The final track on their 1993 debut Prone Mortal Form, “December”, shows this combination of focused precision and tribal abandon in full effect-- its classic descending riff (which Stevenson himself wrote on guitar) and overpowering crescendo made the song a local metal anthem, and helped solidify a loyal fanbase. The song is über-heavy, but with a purposeful directiveness that sees Jenkins’s soaring vocals navigating the tune’s rough waters of pure riffola. “December” and Prone Mortal Form set the standard for Massachusetts metal, and set it high: by fusing the fury of hardcore and the crunch and flash of classic metal, OLW found a way to unite warring factions within the pit of what came to be known as “crossover”. It was an important musical melding, one that was clearly evident as an influence on the next decade or two of Massachusetts bands, especially the stratospheric successes of Shadows Fall and Killswitch Engage.
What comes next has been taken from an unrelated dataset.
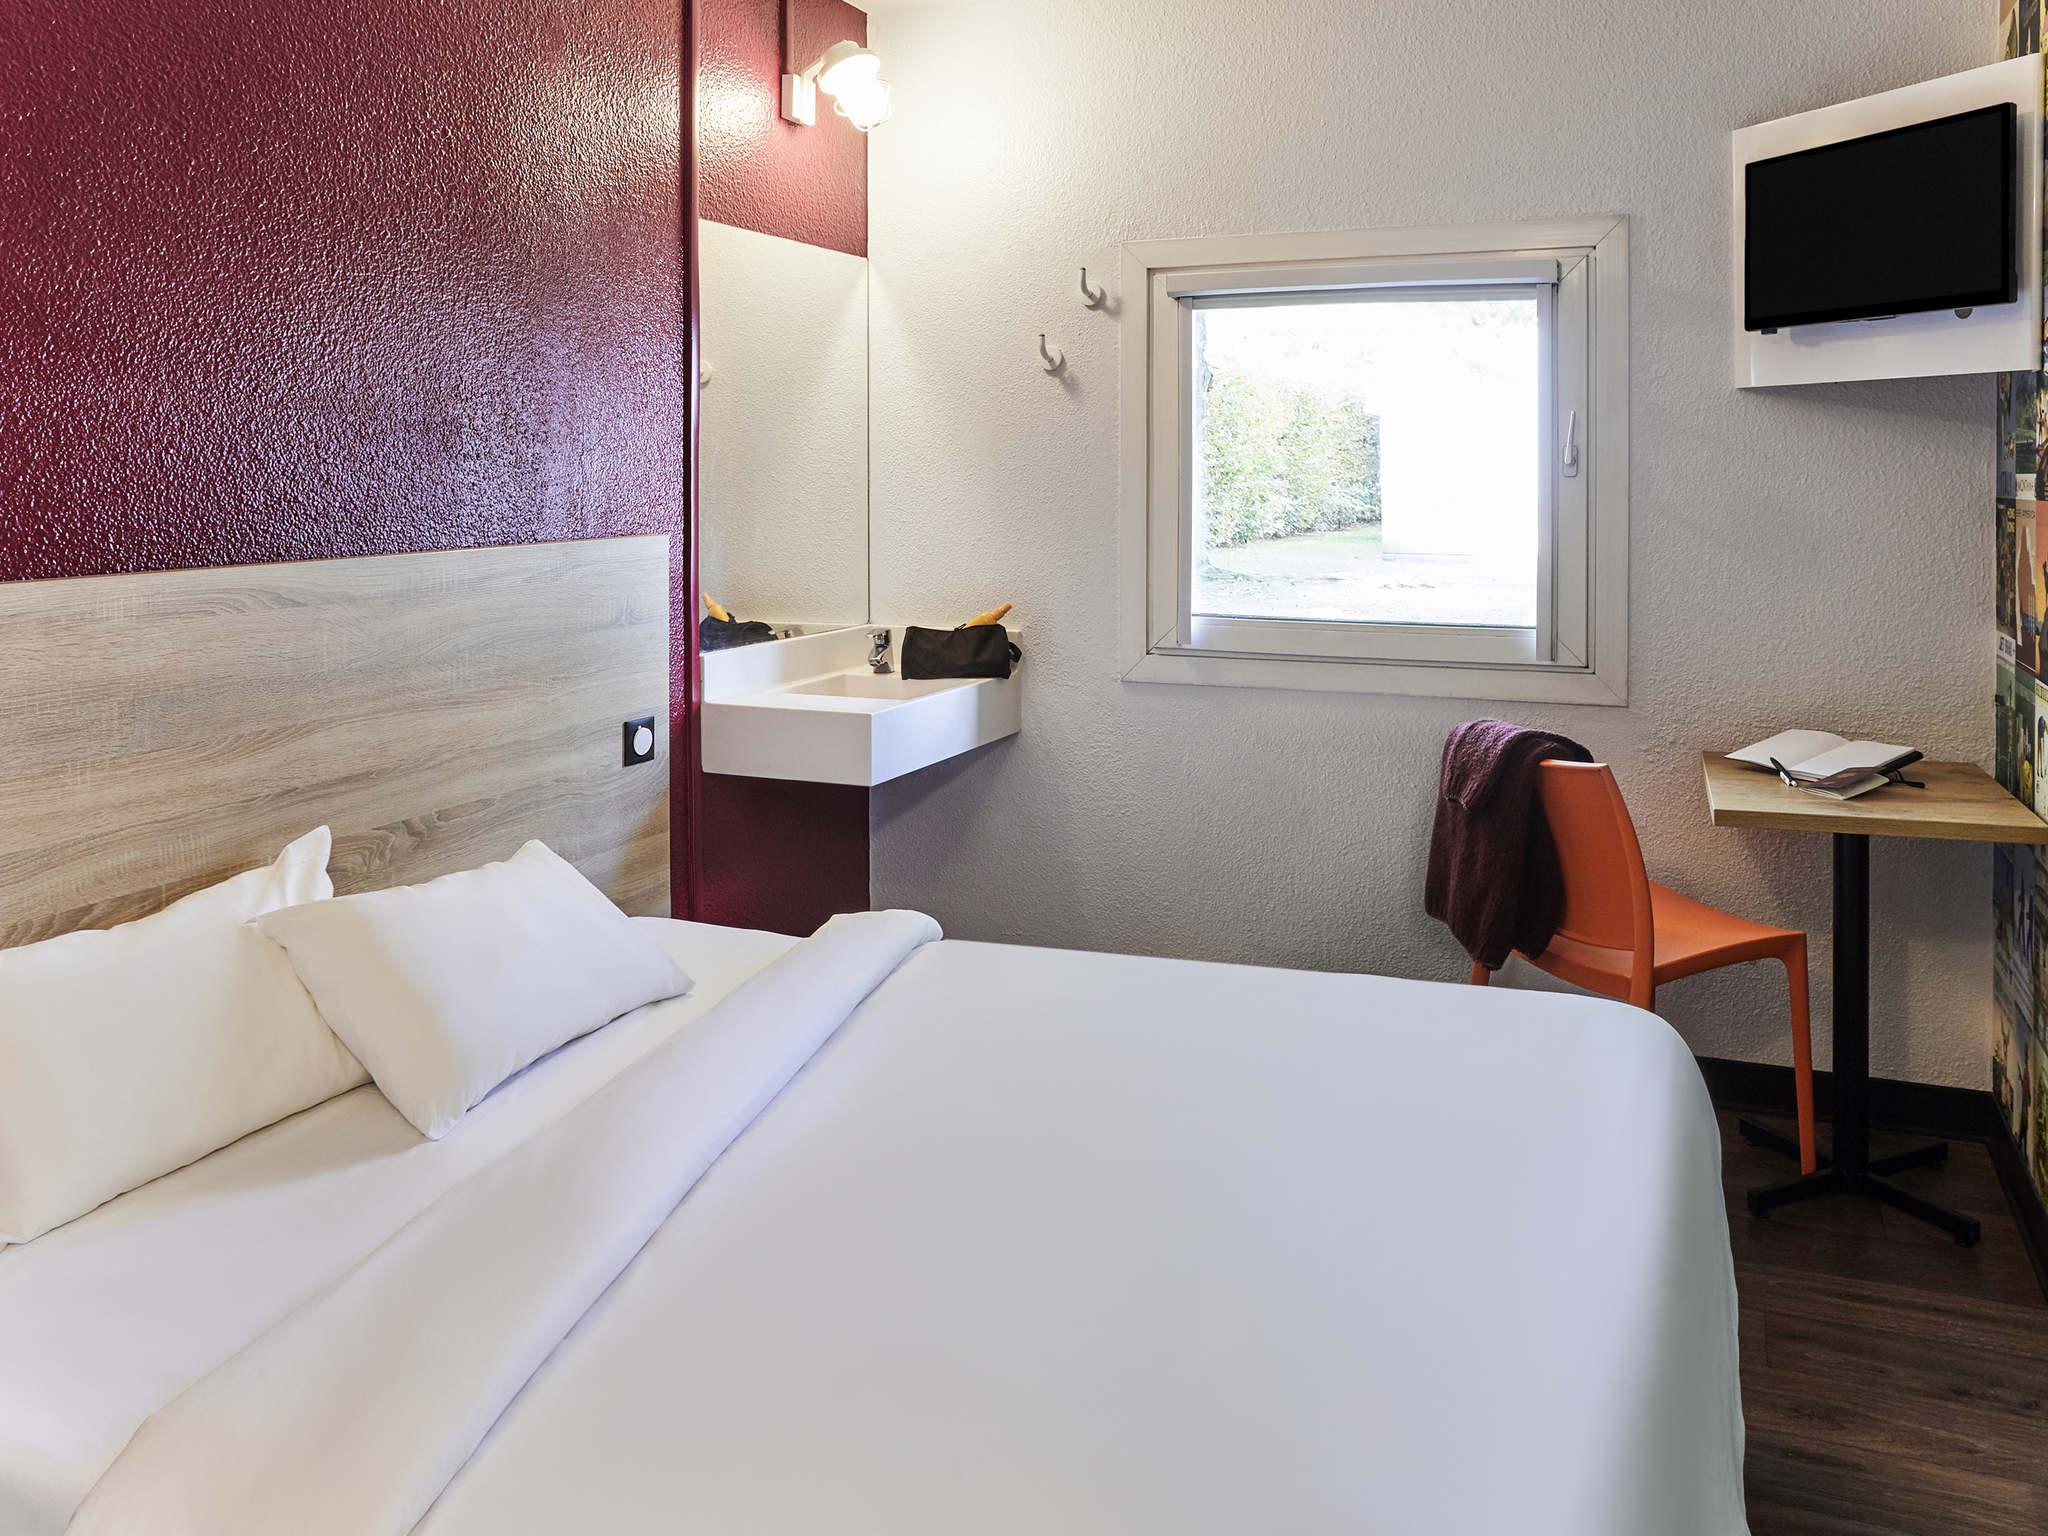 hotel in lormont hotelf1 bordeaux nord lormont. Black Bedroom Furniture Sets. Home Design Ideas

OLW were only with us for a brief period, and disbanded arguably at their height, prior to the release of their second and final album, 1996’s Innocents. Stevenson wasn’t idle after the band’s dissolution, though, pulling a stylistic 180 with Hank Crane, his country-tinged late-90s project which saw him singing songs in a style that, at first glance, might seem miles away from the bludgeon of OLW. But the two projects were closer than they might appear at first, considering the sonic eclecticism of OLW (particularly the country-ish acoustics of PMF’s “Darkly” and the Morricone-esque vista of Innocents’ “Hank Crane”, where the project got its name) and the grimness and metal breakdown moments in the Hank Crane discography.

All of which means that the sadness of Eric’s passing (at 46, after a five-month battle with melanoma) is about more than mourning the loss of a great drummer: besides being an all-around great guy beloved by many, Stevenson was a consummate songwriter and arranger whose work and influence have affected the feel of heavy music and will continue to for decades to come. It’s important to remember that when OLW was happening, their musical alchemy was not the predominant sound: tossing metal and hardcore breakdowns together with acoustic guitars, string and violin arrangements, and clarion-call clear vocals was simply not done before, but they figured out a way to make it work and sound as natural as any of metal’s greats before or since.
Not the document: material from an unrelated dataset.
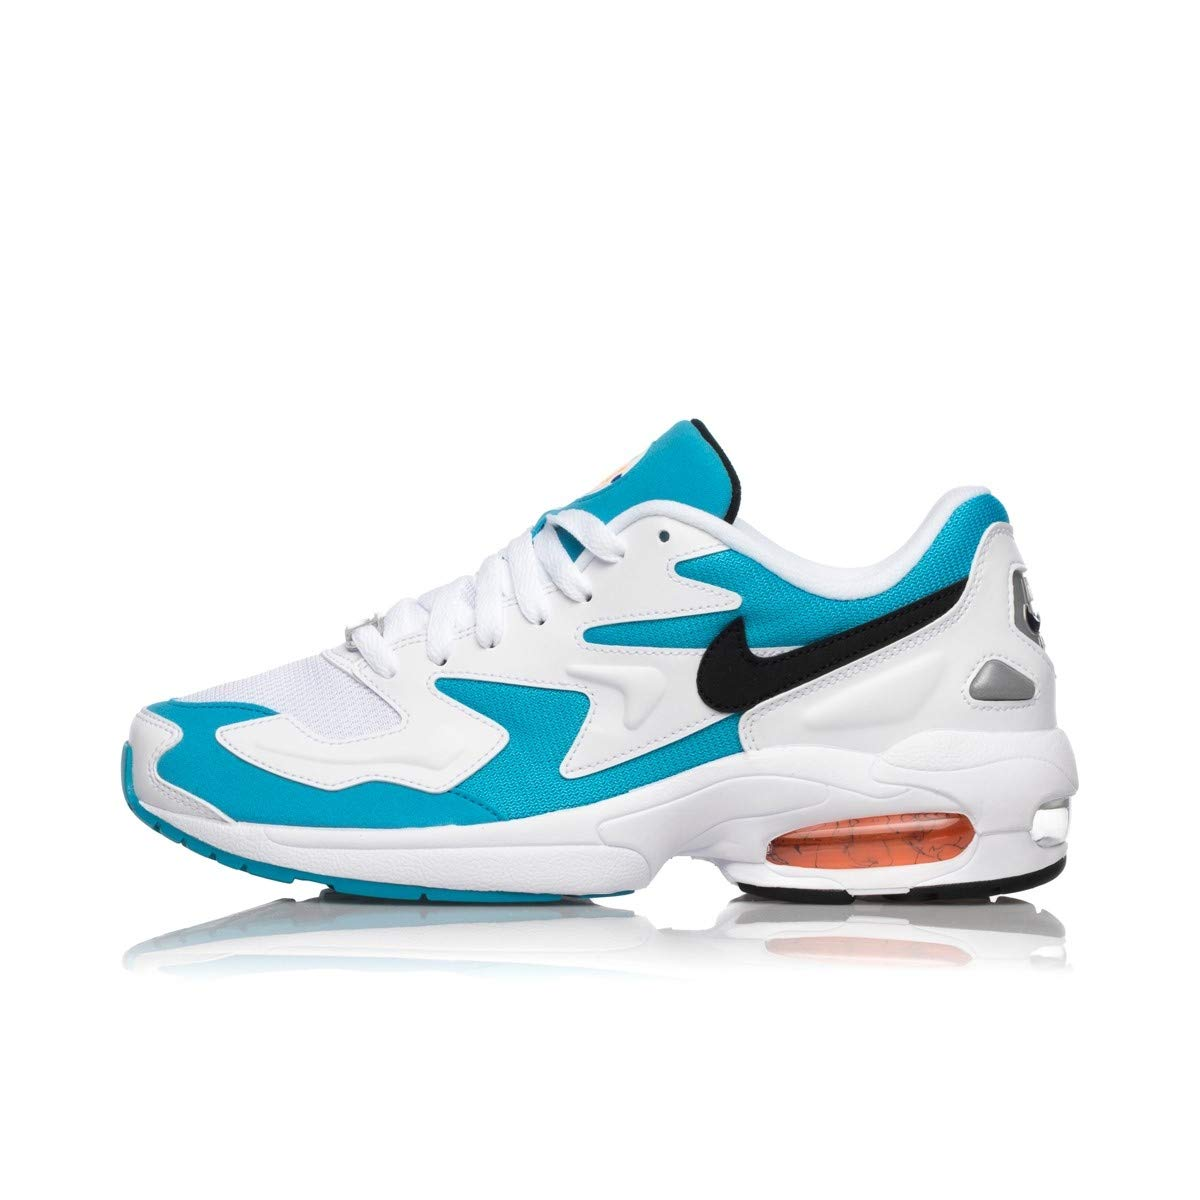 Nike Herren Air Max2 Light Leichtathletikschuhe blau

Since the band’s demise, fans have only gotten one tiny glimpse of the band in action when they reunited for three shows in 2008. The Middle East Downstairs performances in June 2008 were, for those in attendance, some of the most joyous and fulfilling moments in local metal history, as a palpable sense of “I can’t believe this is happening!” could be easily read on the faces of both fans and band members alike. There are few gigs in this life where one can say “You just had to be there” and be correct: these were clearly two of them. After three Massachusetts gigs and a final gig in The Netherlands that August, it was all over-- perhaps giving closure to the story of OLW that, in a very small way, buffers the sadness of yesterday’s new, or at least allows those that knew Eric to focus on the personal aspect of the passing of such a universally-loved member of the global metal community.